----- DATA

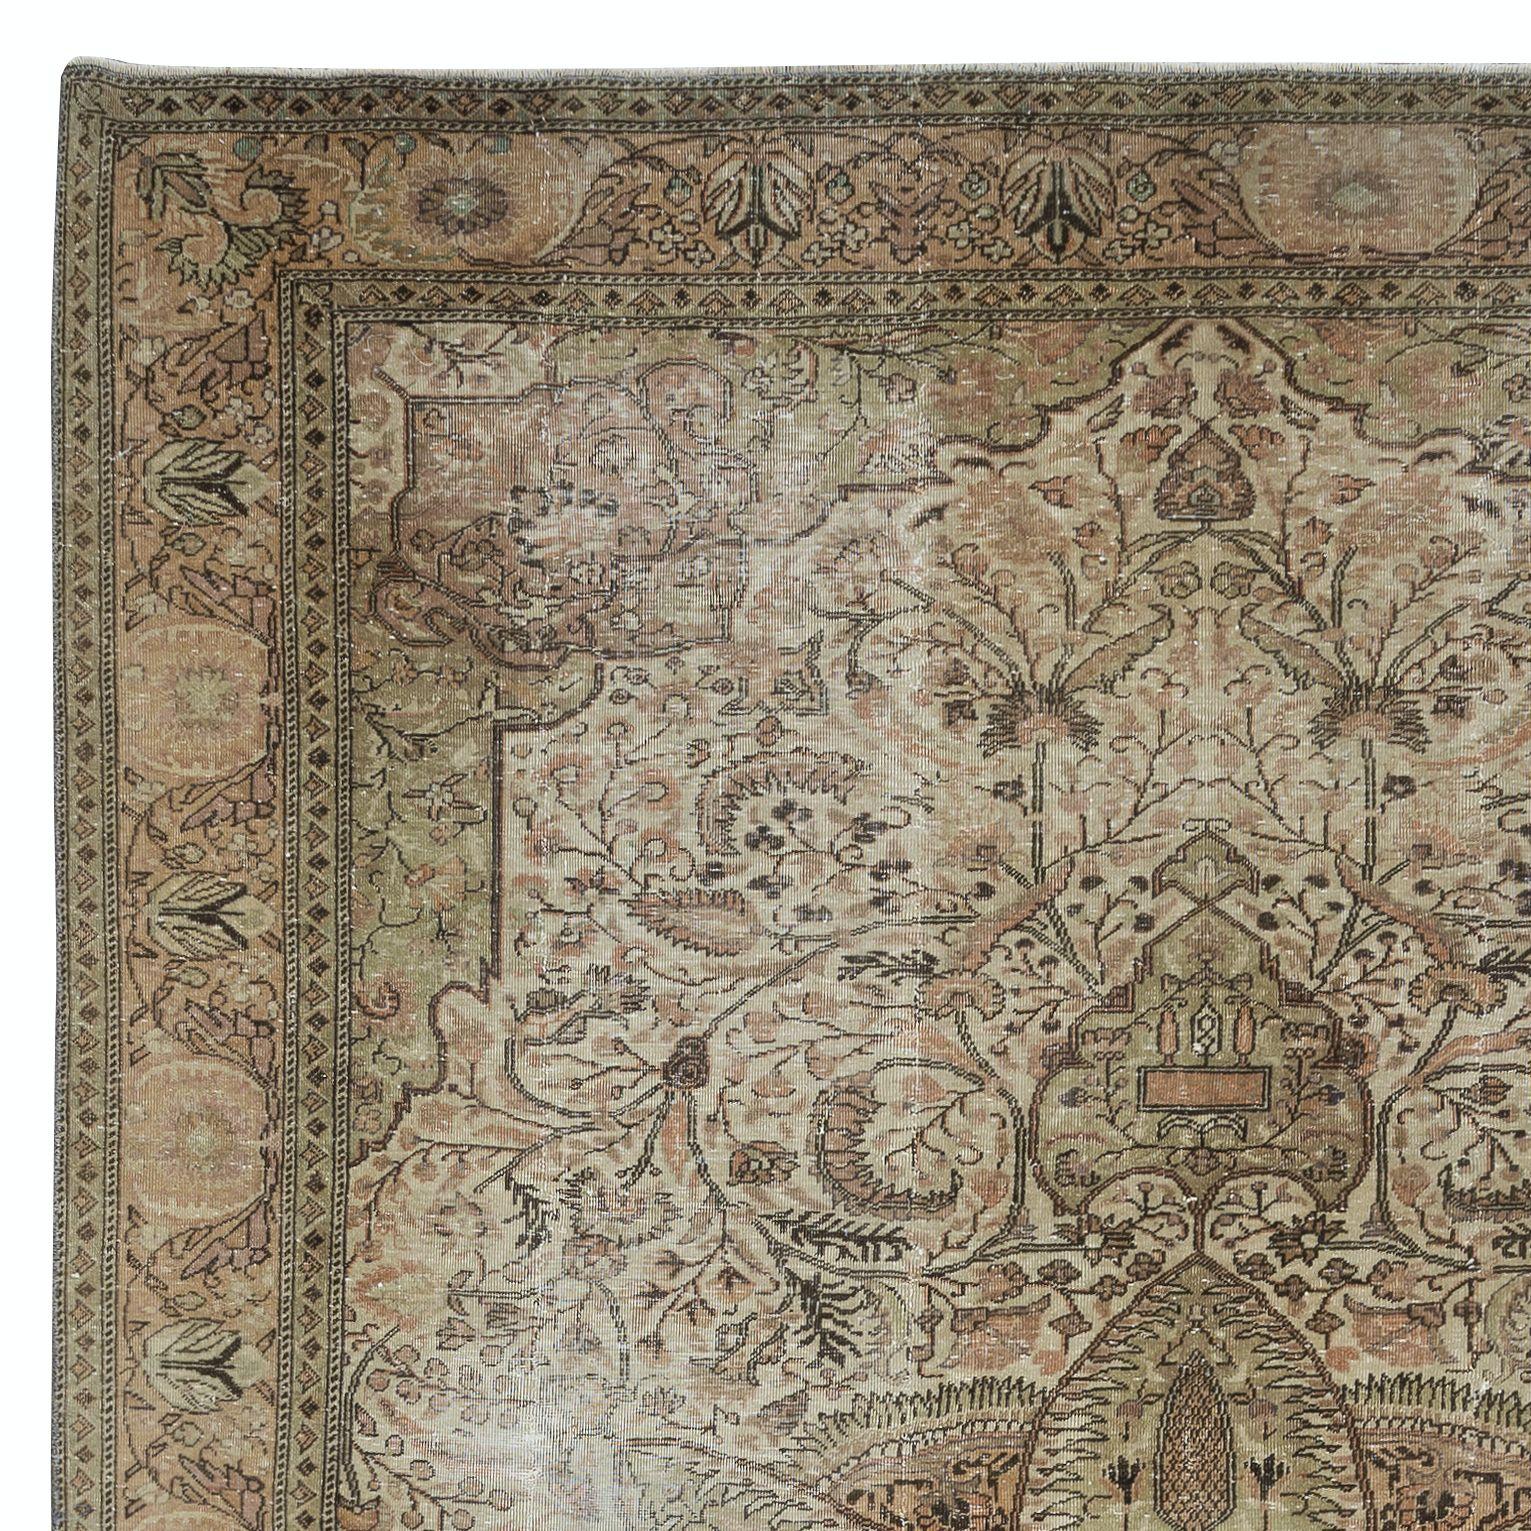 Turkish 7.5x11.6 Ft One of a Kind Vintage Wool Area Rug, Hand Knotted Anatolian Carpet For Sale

----------
----- DATA

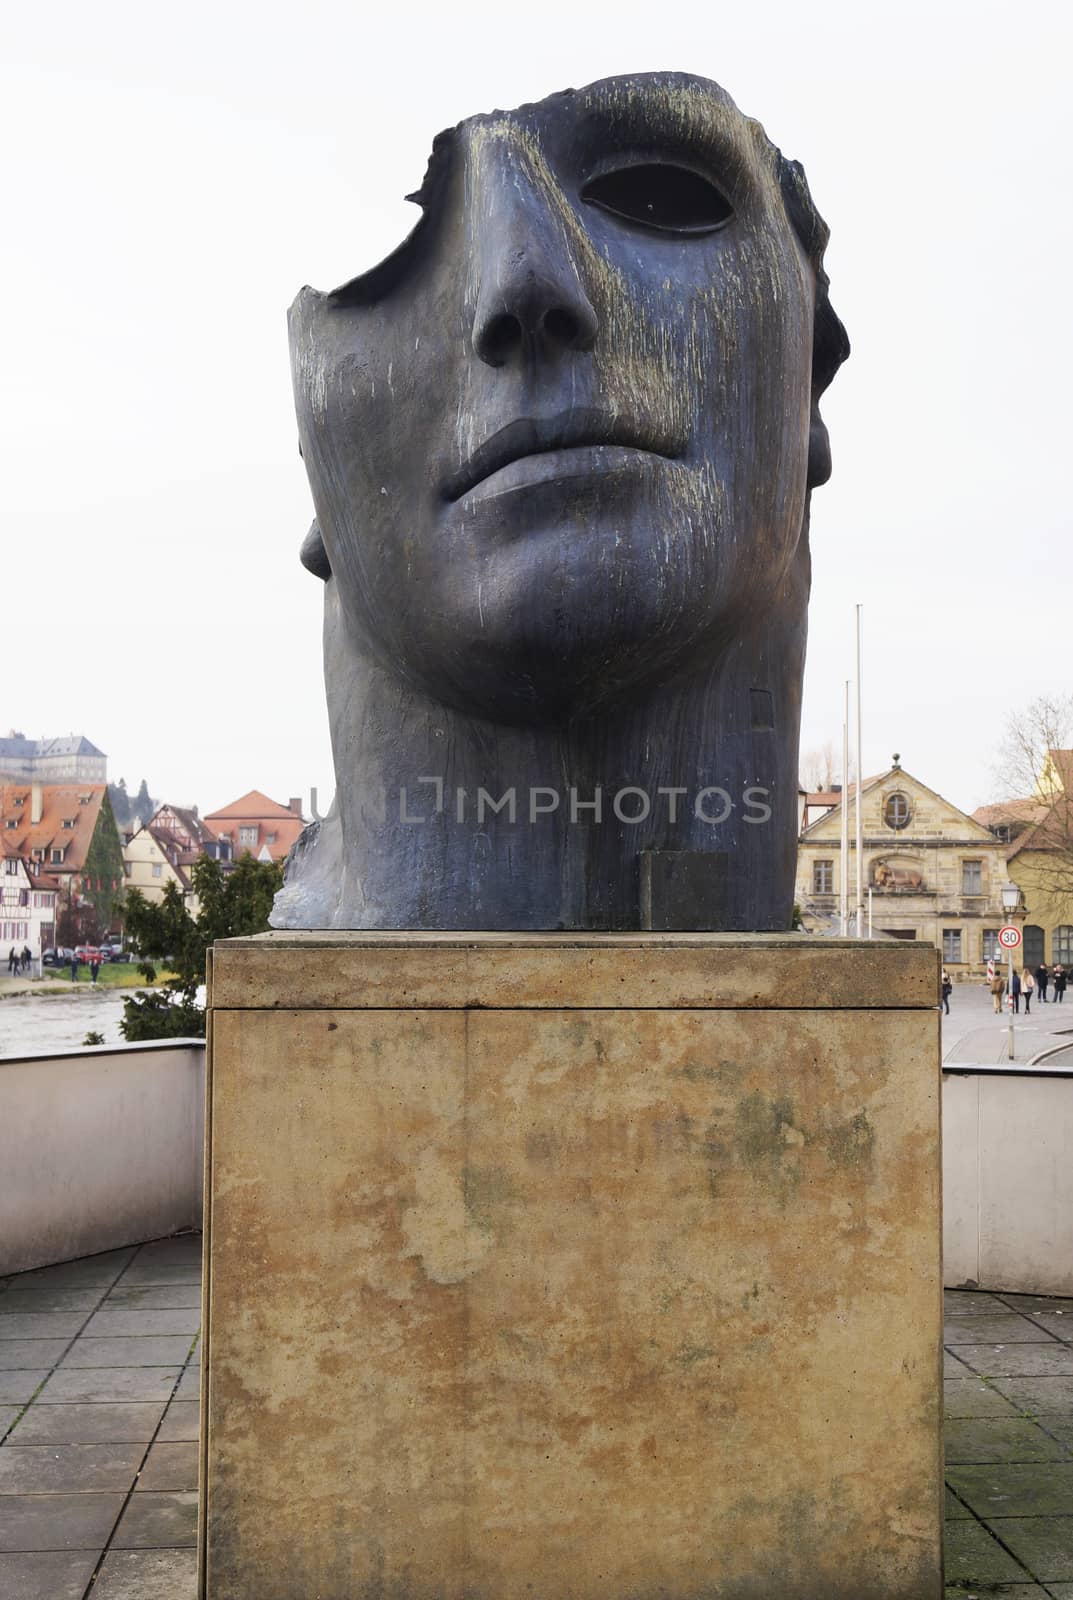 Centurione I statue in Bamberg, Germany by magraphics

----------
----- DATA

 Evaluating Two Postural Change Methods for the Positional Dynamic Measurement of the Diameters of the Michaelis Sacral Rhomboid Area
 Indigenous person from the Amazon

----------

● YOUR OBJECTIVE: Reproduce only the lines above, starting at the line with "Evaluating Two Postural" and ending at the line with "Indigenous person from the Amazon", exactly as written.

● WRITTEN SOLUTION:
 Evaluating Two Postural Change Methods for the Positional Dynamic Measurement of the Diameters of the Michaelis Sacral Rhomboid Area
 Indigenous person from the Amazon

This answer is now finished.